What data management issues does this case raise? (Maddie Quistgaard)
GitHub could help address these issues with its collaborative interface. If one person does all the research and imports the data, the master of the branch would have to approve the pull request and would look at the data imported. This would then allow the head researcher to verify that the data is not falsified and from there he/she could accept or not accept the changes.
Why didn’t the peer review system identify the problems? (Macy Neblett)
The solution to this problem is slightly more difficult to solve with GitHub. They could have idenified the problems more easily had they used GitHub as a point of collaboration to view and edit their project. Instead of them just blindly accepting the data because of what it would prove, they could have looked at the data for what it was.
How do you think LaCour was able to publish falsified data in such a prestigious journal as Science? (Mine)
If the researchers had used GitHub to publish their work publically, Science Magazine could have gone onto their repository and looked at the data themselves to see where it came from and how it was generated. They could look at the experimental design as well as the data itself. Maybe if they had gone through GitHub, Science could have prevented themselves from publishing an forged and false research.

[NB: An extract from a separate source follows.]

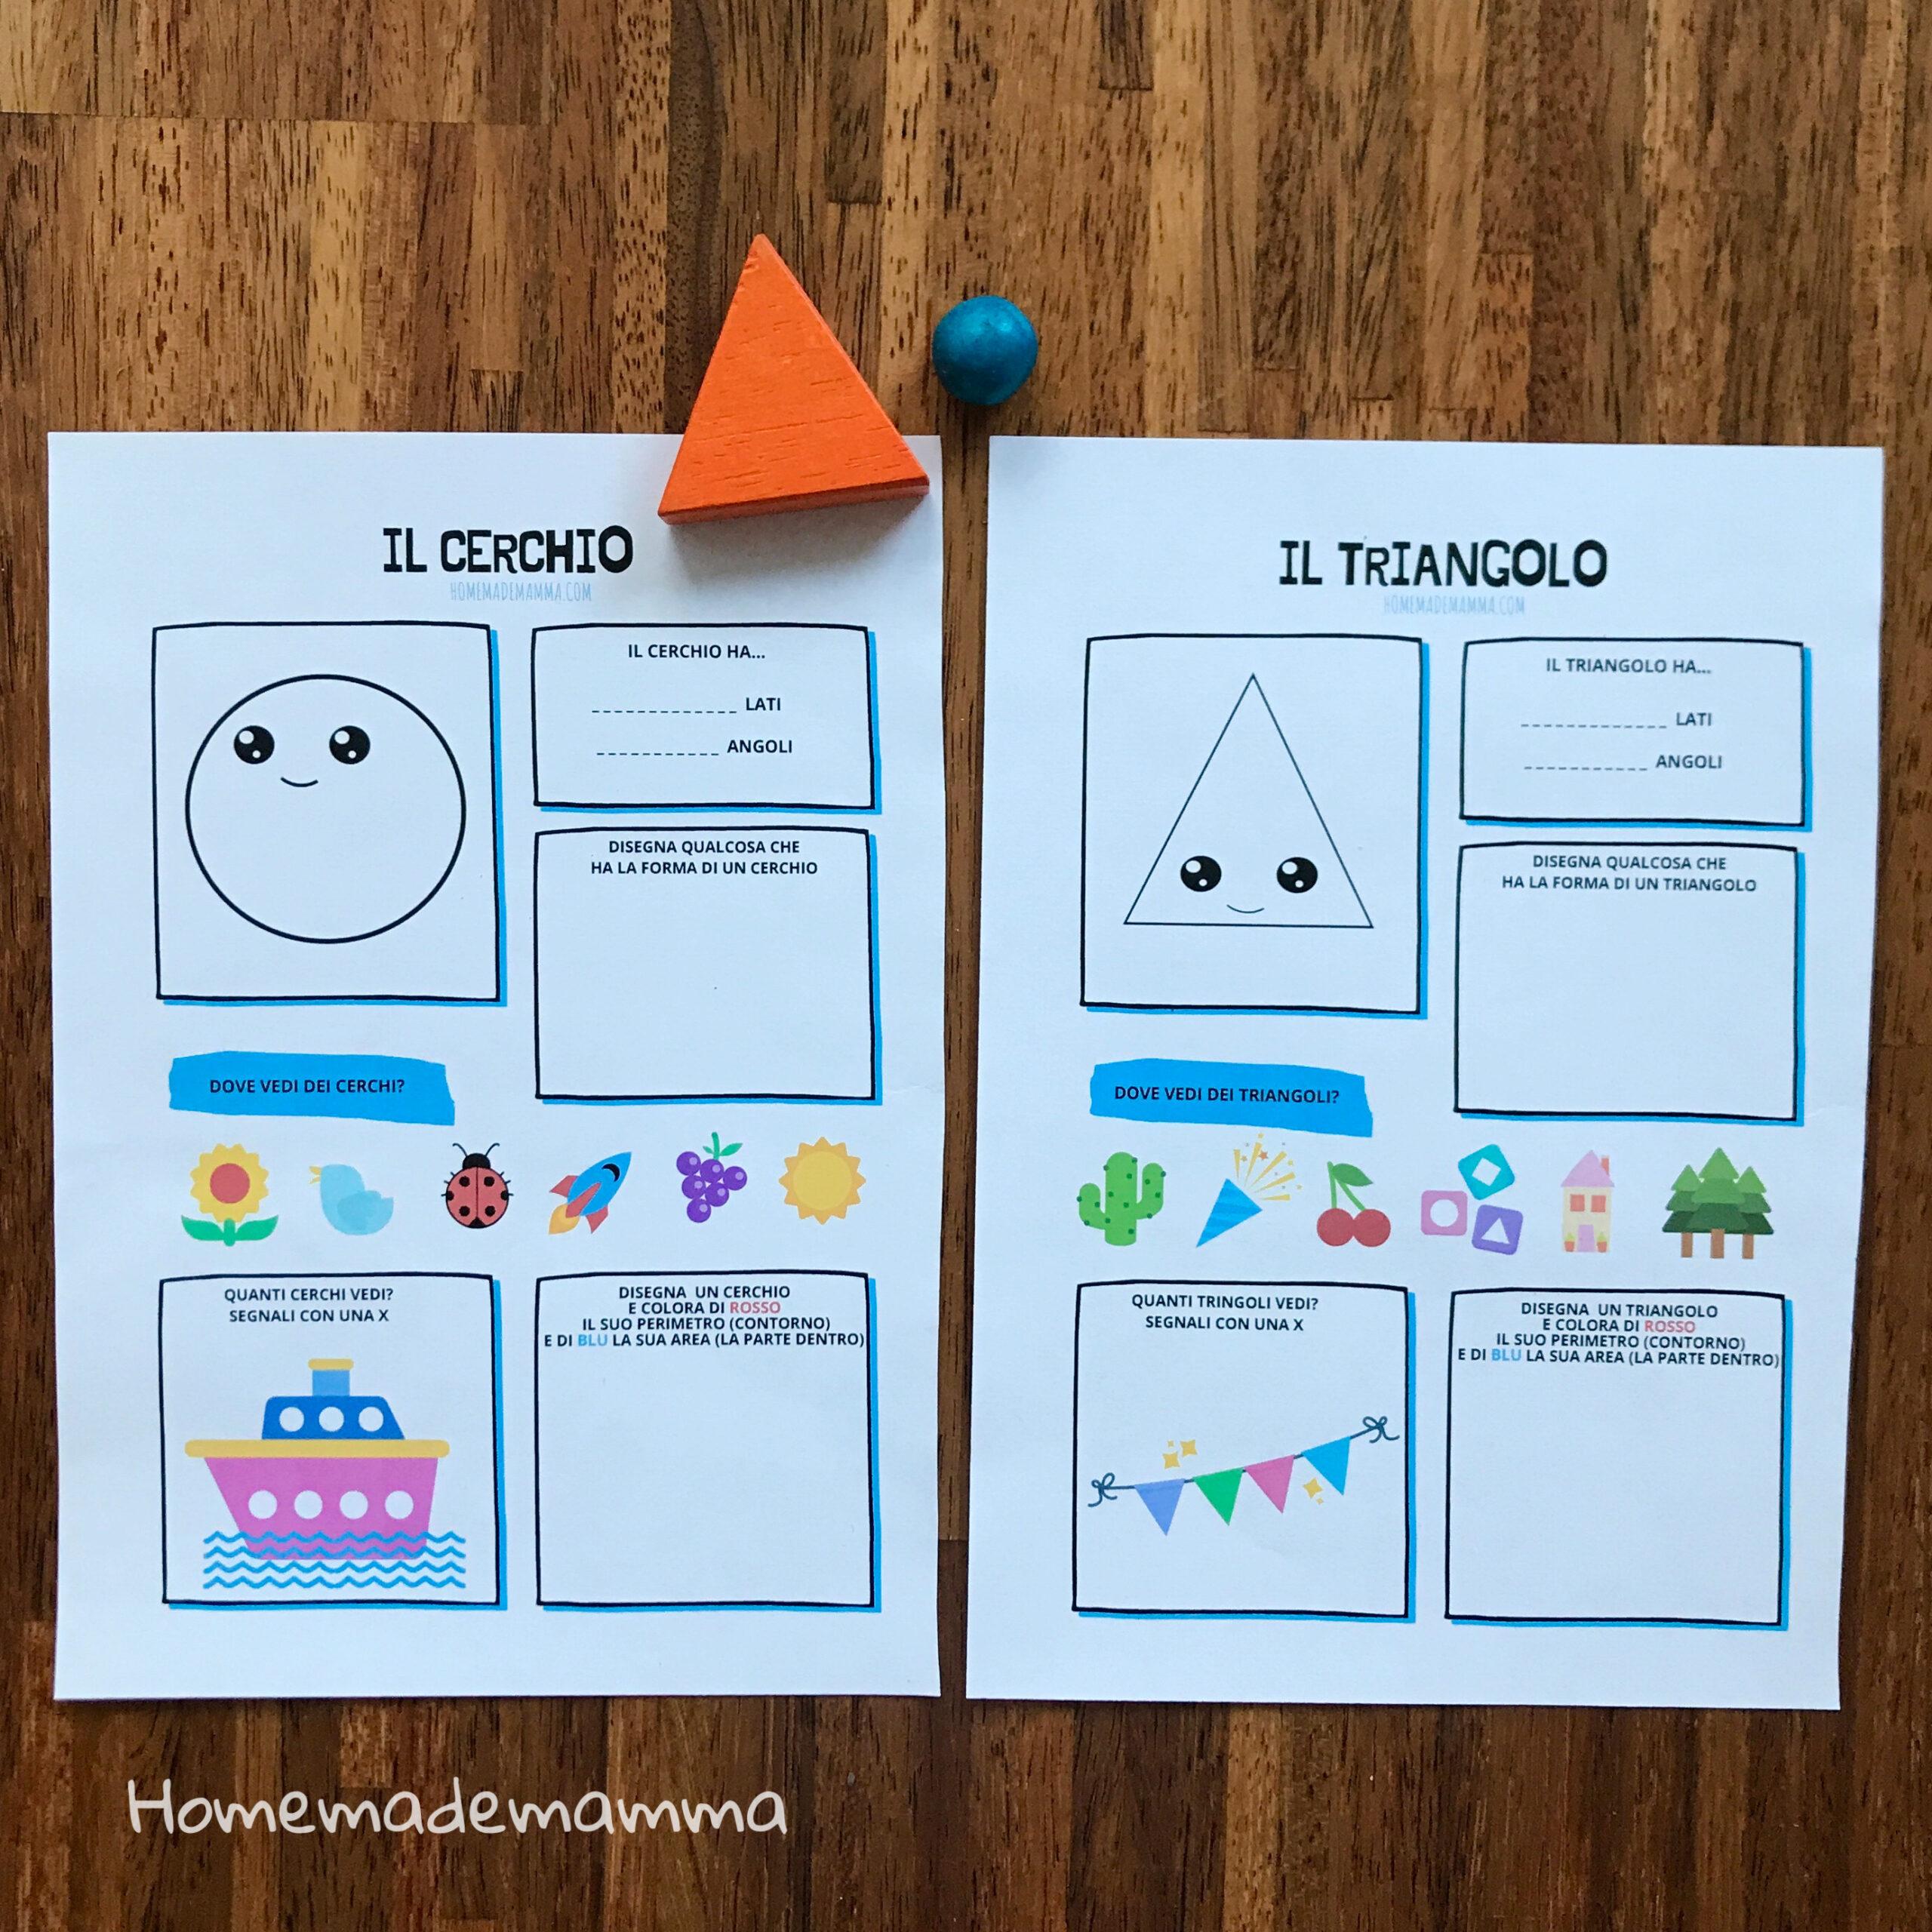 schede forme da stampare scuola bambini

What are the responsibilities of individuals who co-author papers? What can or should a student (graduate or undergraduate) do when co-author is suspected of falsifying data? (Mine)
If individuals co-authoring papers used GitHub, it would be so much easier to help edit eachother’s work and help one another. For example, not just one person would have to do data collection. You could have multiple people collecting data on different aspects of the experiment. GitHub could also help co-authors find faulty data or bad experimental design. If someone notices that data has been falsified, they can easily ask other collaborators on the research to look at the data as well to see if they also think the data is faulty.